**Your objective**. Your task is to transcribe exactly, and only, the lines running from the one with "Hungry Hispanic and" to the end of the listing below, inclusive, with every picture left out.

**Data block**.
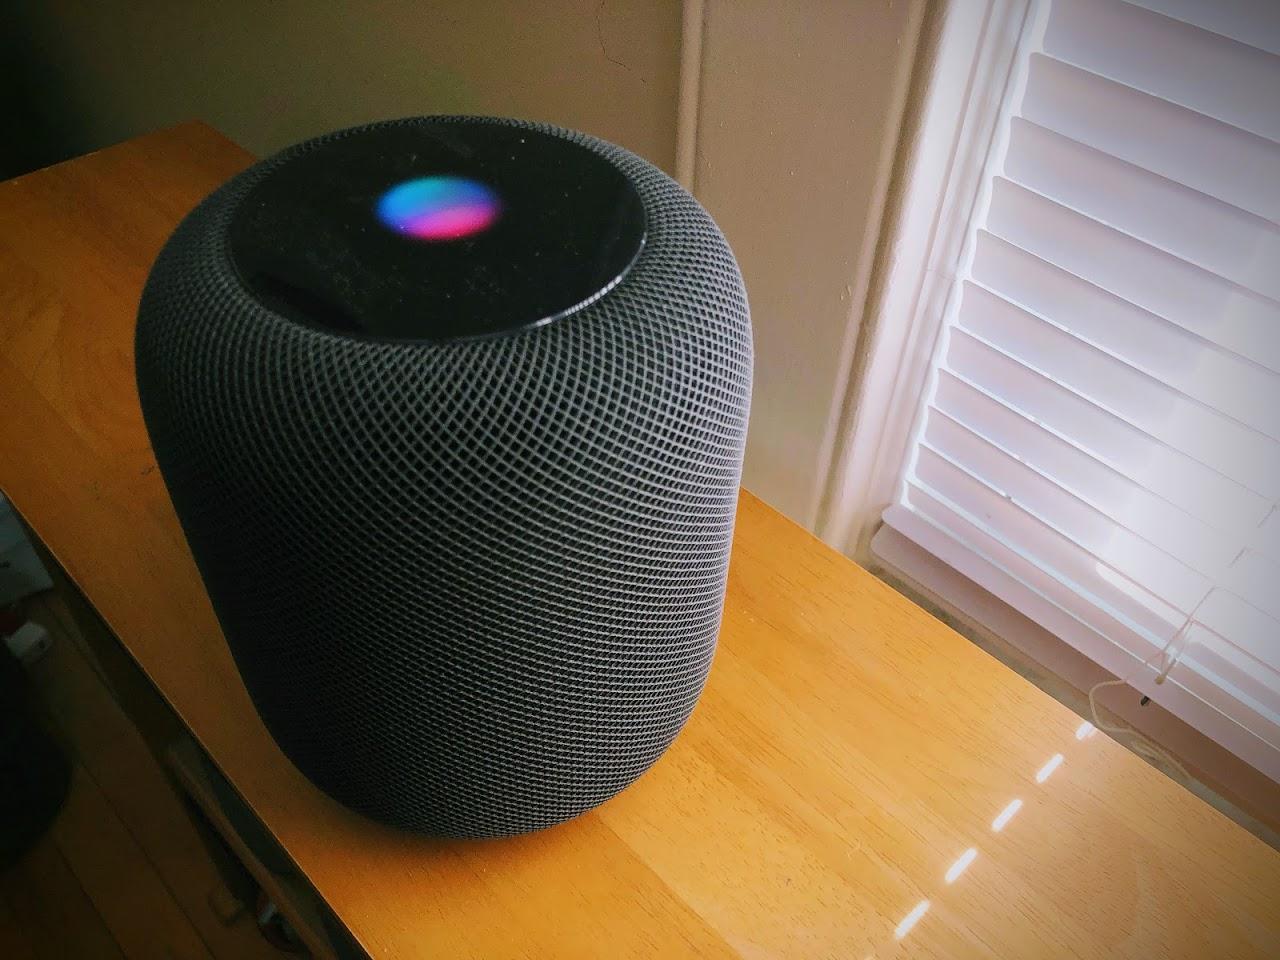 Apple’s HomePod Speaker Launches in Canada, France, and Germany on June 18th
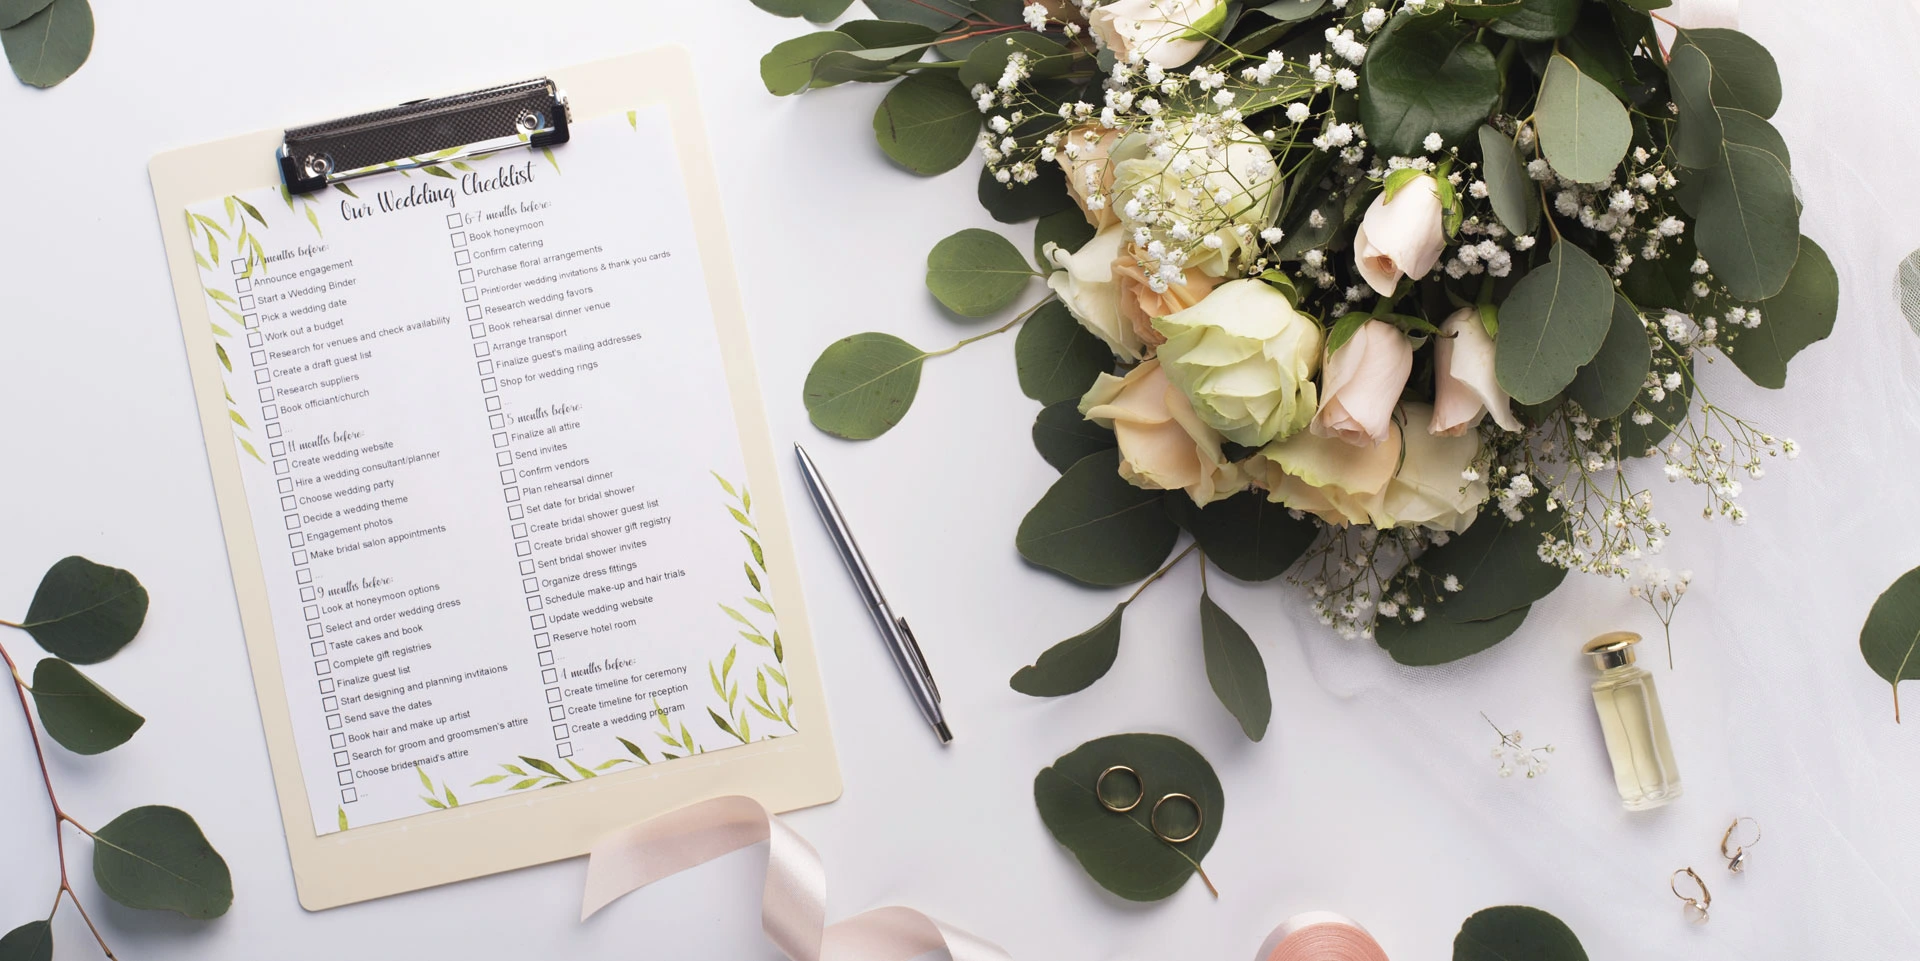 HOW-TO-PLAN-A-WEDDING-STEP-BY-STEP-1
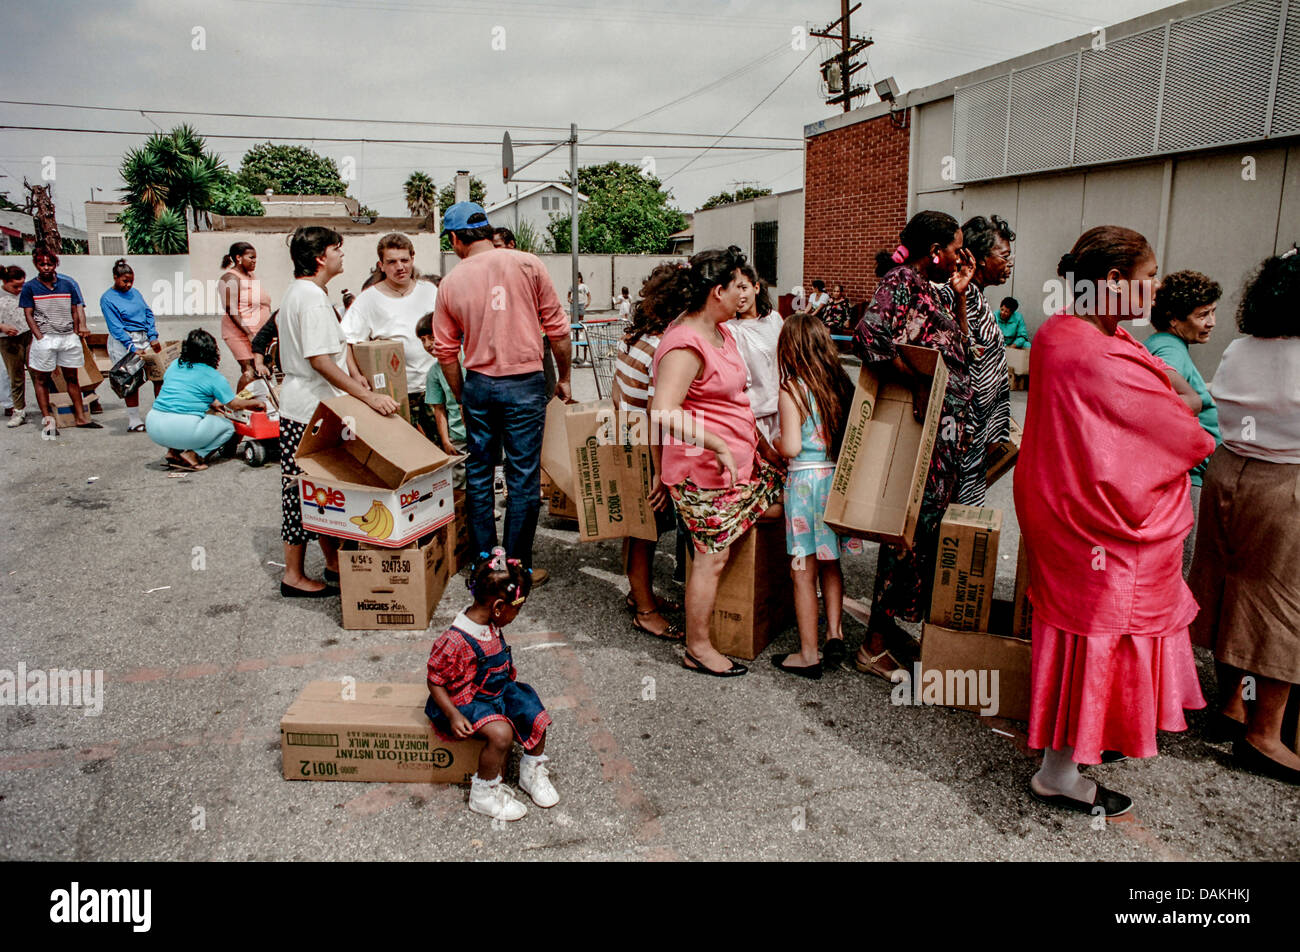 Hungry Hispanic and African American local LA residents line up for free charity food after the 1992 Rodney King race riots. Stock Photo
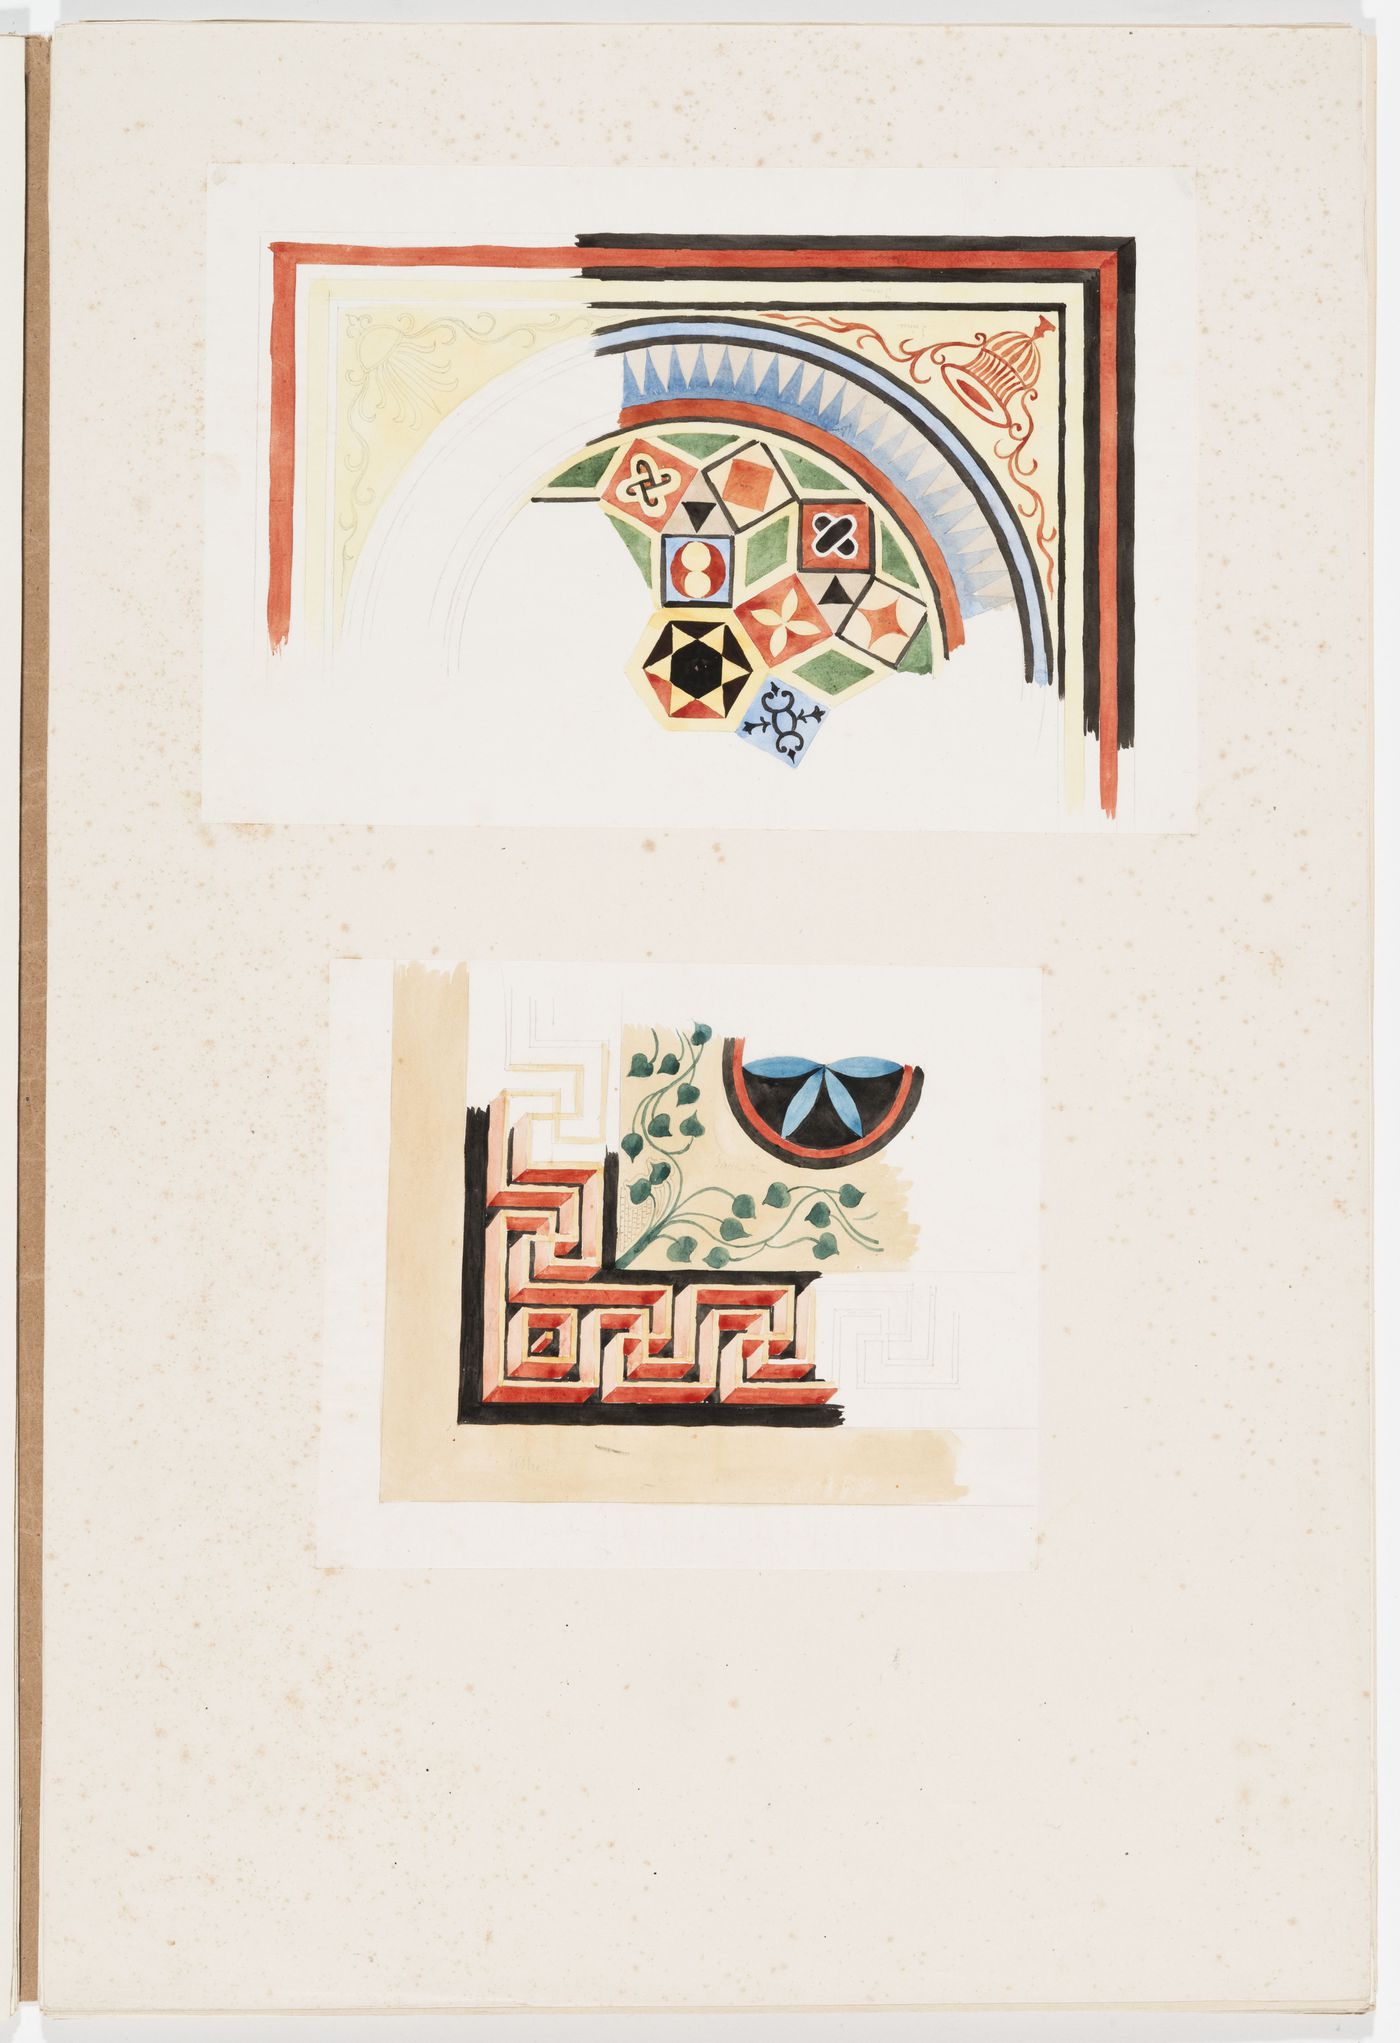 Ornament drawings of two panel segments, one decorated with foliage and fretwork, and the other with foliage, vases and a geometric mosaic pattern

**Solution**.
 Hungry Hispanic and African American local LA residents line up for free charity food after the 1992 Rodney King race riots. Stock Photo
 Ornament drawings of two panel segments, one decorated with foliage and fretwork, and the other with foliage, vases and a geometric mosaic pattern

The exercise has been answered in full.